> [Work item]
Somewhere below are a line with "Modifikasi Honda Karisma" and a later line with "View 1 of Lot". Output exactly those lines and all lines between them.

(Supplied entries Opens)

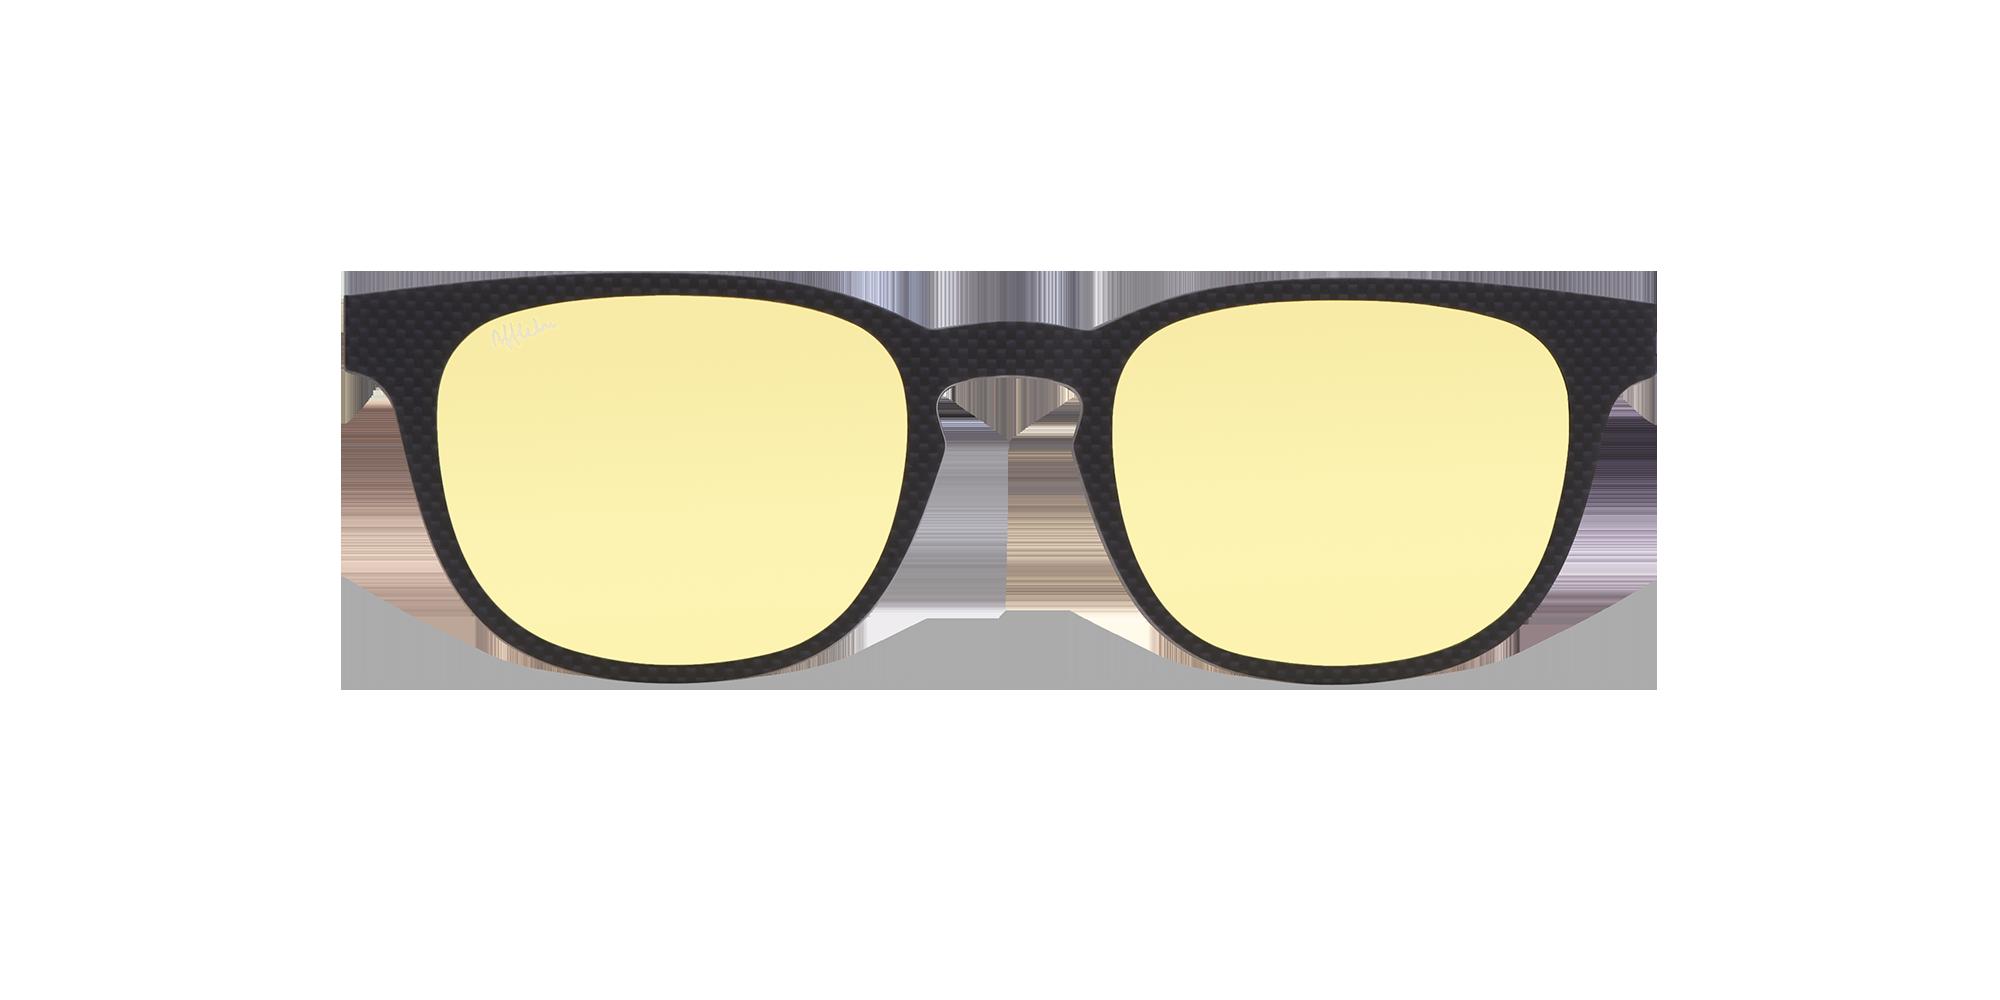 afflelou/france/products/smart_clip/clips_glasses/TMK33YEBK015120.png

(Supplied entries Closes)
(Supplied entries Opens)

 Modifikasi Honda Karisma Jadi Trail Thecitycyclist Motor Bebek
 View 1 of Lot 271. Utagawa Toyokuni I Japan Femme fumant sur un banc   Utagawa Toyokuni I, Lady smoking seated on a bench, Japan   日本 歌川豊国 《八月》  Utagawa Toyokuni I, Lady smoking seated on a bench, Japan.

(Supplied entries Closes)
(Supplied entries Opens)

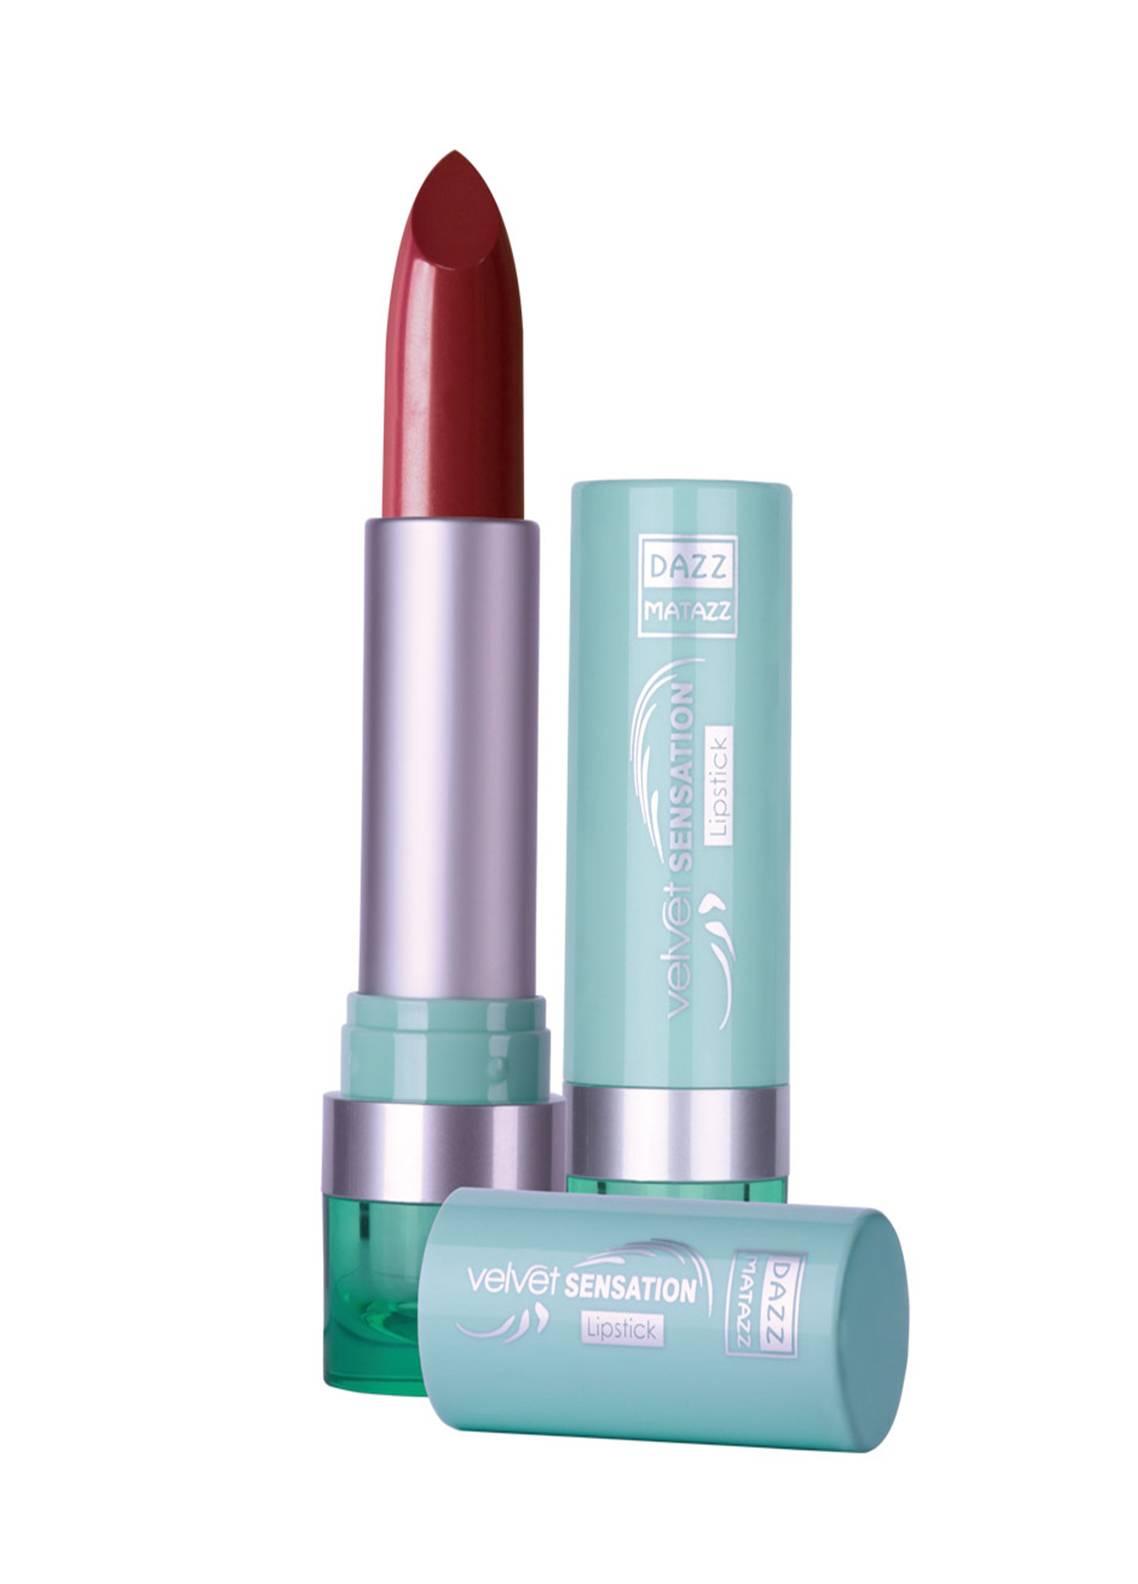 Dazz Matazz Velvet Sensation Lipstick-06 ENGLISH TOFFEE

(Supplied entries Closes)

> [Completed task]
 Modifikasi Honda Karisma Jadi Trail Thecitycyclist Motor Bebek
 View 1 of Lot 271. Utagawa Toyokuni I Japan Femme fumant sur un banc   Utagawa Toyokuni I, Lady smoking seated on a bench, Japan   日本 歌川豊国 《八月》  Utagawa Toyokuni I, Lady smoking seated on a bench, Japan.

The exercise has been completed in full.